2025年7月14日(月) 19:22 Derick Rethans <derick@php.net>:
On Wed, 9 Jul 2025, youkidearitai wrote:
> Hi, Internals
>
> I changed below the RFC.
> - PHP: rfc:grapheme_add_locale_for_case_insensitive
> Pull request is below:
> - [RFC] Add a locale for grapheme case-insensitive functions by youkidearitai · Pull Request #18792 · php/php-src · GitHub
>
> Change point is below:
> - Add a strength for grapheme_* functions
> - Affect to all over the world characters, ex: Ideographic Variation
> Sequence(IVS)
> - Use Collator object const values.
These settings are indeed important for these functions, but I can't get
around the fact that it makes these APIs really cluttered and
complicated — something that many functions in the grapheme_ / intl
extension already suffer from.
Is this API really the best way?
> $locale parameter is not change anything. Because I could not find any way.

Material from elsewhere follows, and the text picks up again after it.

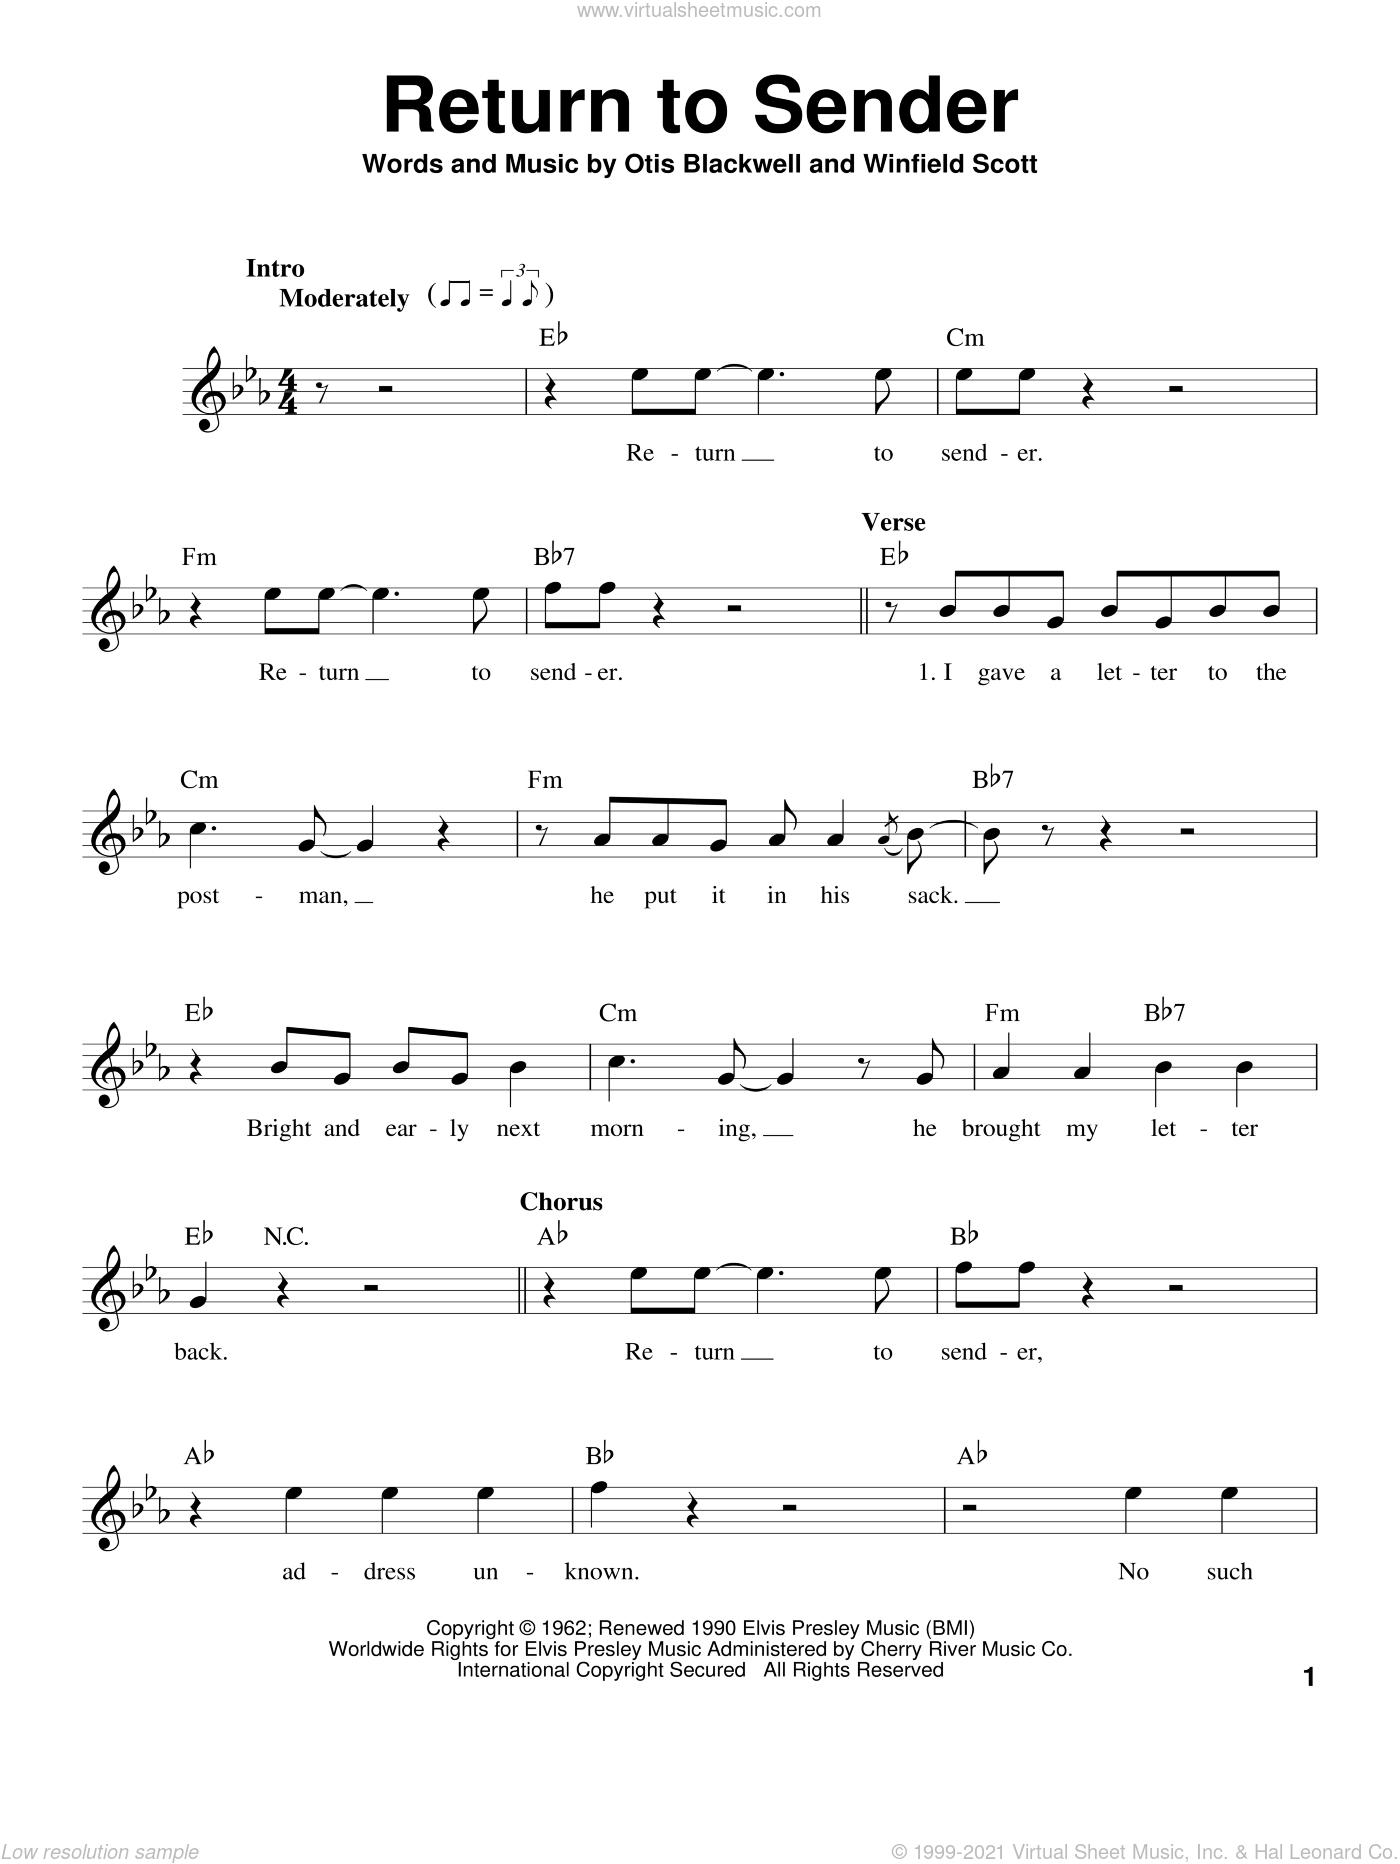 Return To Sender sheet music for voice solo by Elvis Presley, Otis Blackwell and Winfield Scott, intermediate skill level

It seems that I came to a similar conclusion, but locales are much more
complicated than just languageCode_regionCode (for example, see
php-text/tests/text-contains.phpt at main · derickr/php-text · GitHub)
You also don't really need a strength argument, as you can 'encode' that
in the locale name, like: 'nb_NO-u-ks-primary' (I know, it's rather ugly
and the list of options is vast:
Unicode Locale Data Markup Language (LDML) Part 5: Collation
cheers,
Derick
Hi, Derick
Thank you very much for response.
Is this API really the best way?
I reconsidered the function signature based on what you said.
It seems that I came to a similar conclusion, but locales are much more
complicated than just languageCode_regionCode (for example, see
php-text/tests/text-contains.phpt at main · derickr/php-text · GitHub)
You also don't really need a strength argument, as you can 'encode' that
in the locale name, like: 'nb_NO-u-ks-primary' (I know, it's rather ugly
and the list of options is vast:
Unicode Locale Data Markup Language (LDML) Part 5: Collation
Indeed, since strength can be specified in the locale,
I thought it would be better to specify it in the locale rather than
as a parameter for strength.
For example, The grapheme_* functions can detect difference for IVS.
$ sapi/cli/php -r 'var_dump(grapheme_levenshtein("\u{908A}",
"\u{908A}\u{E0101}", locale: "ja_JP-u-ks-identic"));'
int(1)
$ sapi/cli/php -r 'var_dump(grapheme_levenshtein("\u{908A}",
"\u{908A}\u{E0101}"));'
int(0)
$ sapi/cli/php -r 'var_dump(grapheme_strpos("\u{908A}", "\u{908A}\u{E0101}"));'
int(0)
$ sapi/cli/php -r 'var_dump(grapheme_strpos("\u{908A}",
"\u{908A}\u{E0101}", locale: "ja_JP-u-ks-identic"));'
bool(false)
Since ideographic characters also have identities (e.g., names), we
would like to make IVS compatible with them.
However, it should be simple, so we should compromise somewhere.
Regards
Yuya
--
---------------------------
Yuya Hamada (tekimen)
- https://tekitoh-memdhoi.info
- youkidearitai (tekimen) · GitHub
-----------------------------